The publisher of The Sun has lost a bid to push back a potential full High Court trial of unlawful information gathering claims brought by the Duke of Sussex and others.
Harry, 39, alleges he was targeted by journalists and private investigators working for News Group Newspapers (NGN).
He is among 42 existing cases against the publisher, with a full trial of some of the claims, which could include the duke, due to take place in January next year.
At a hearing earlier this week, NGN asked a judge to instead hold a narrower-in-scope preliminary trial that month to decide whether the cases against it have been brought too late and outside a legal time limit.
The publisher has previously denied unlawful activity took place at The Sun.
In a ruling on Friday, Mr Justice Fancourt dismissed NGN’s request, meaning some cases will proceed towards a trial in eight months’ time if they are not settled out of court before then.
The judge said there was a “plainly considerable risk” of a preliminary trial “increasing costs overall and delaying” a full trial by up to two years.
“That is unsatisfactory,” he said.
At a hearing on Wednesday, lawyers for NGN said the court should first determine whether those bringing cases could have known they had a “worthwhile” claim six years before they issued theirs.
Anthony Hudson KC, for NGN, said the allegations it faced dated from between eight and 29 years before claims started – with the earliest allegedly happening in 1993.
These cover allegations of phone hacking, blagging information, using private investigators, burglaries and bugging, the court has heard.
A trial on the timing issue would not have determined the full details of the allegations NGN faces, and could have resulted in findings that some claims are “time-barred” and therefore dismissed.
NGN’s lawyers argued this approach was the “most efficient” way of dealing with cases and could “promote” settlements, but the legal team for Harry and others said it would be “highly disruptive and prejudicial” and cause “substantial delay”.
Mr Justice Fancourt said NGN’s request had come “late”, noting that people bringing claims had been expecting a trial to take place since November 2022.
The judge said a narrower initial trial could result in “wasted” legal costs, may trigger appeals delaying a fuller trial and would not make a difference to whether cases settled or not.
He said there were “too few advantages to abandoning the orderly preparation” of the January 2025 trial where the question of the timing of claims will nonetheless feature.
Wednesday’s hearing was told that the Duke of Sussex could be forced to settle his claim against NGN because of the risks of high legal costs.

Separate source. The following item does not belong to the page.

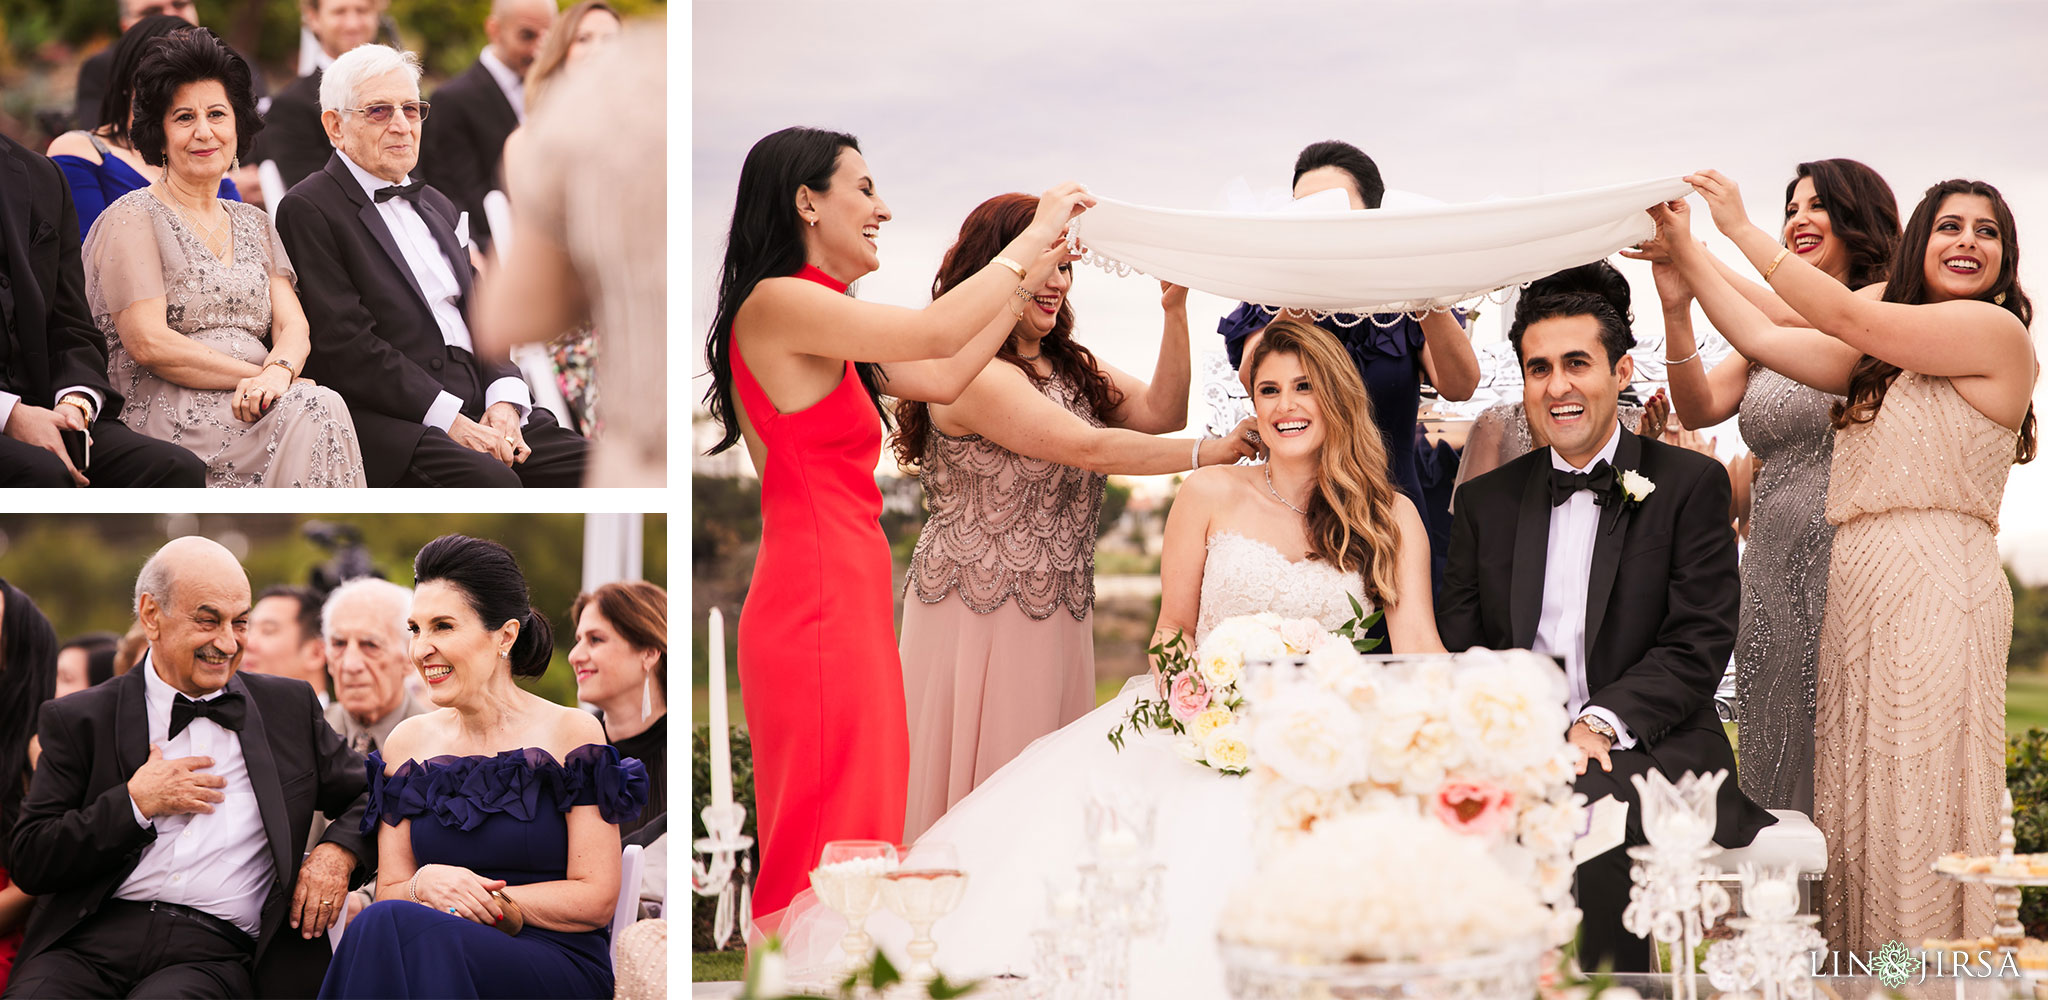 20 monarch beach resort laguna niguel persian wedding photography

David Sherborne, representing Harry and others, said the duke was “subject to the same issues” as actress Sienna Miller and actor Hugh Grant who both previously said legal costs contributed to the settlement of their cases.
Mr Grant said he had been told by lawyers he risked being liable for £10 million in costs even if he was successful at a trial.
The court was also told that NGN has reached out-of-court settlements in more than 1,600 legal claims amid the long-running, phone hacking litigation.
A spokesperson for NGN said earlier this week: “In 2011, an unreserved apology was made by NGN to victims of voicemail interception by the News Of The World. Since then, NGN has been paying financial damages to those with proper claims.
“As we reach the tail end of litigation, NGN is drawing a line under disputed matters, some of which date back more than 20 years ago. In some cases, it has made commercial sense for both parties to come to a settlement agreement before trial to bring a resolution to the matter.
“There are a number of disputed claims still going through the civil courts, some of which seek to involve The Sun. The Sun does not accept liability or make any admissions to the allegations.
“A judge recently ruled that parts of Mr Grant’s claim were out of time and we have reached agreement to settle the remainder of the case.
“This has been done without admission of liability. It is in both parties’ financial interests not to progress to a costly trial.”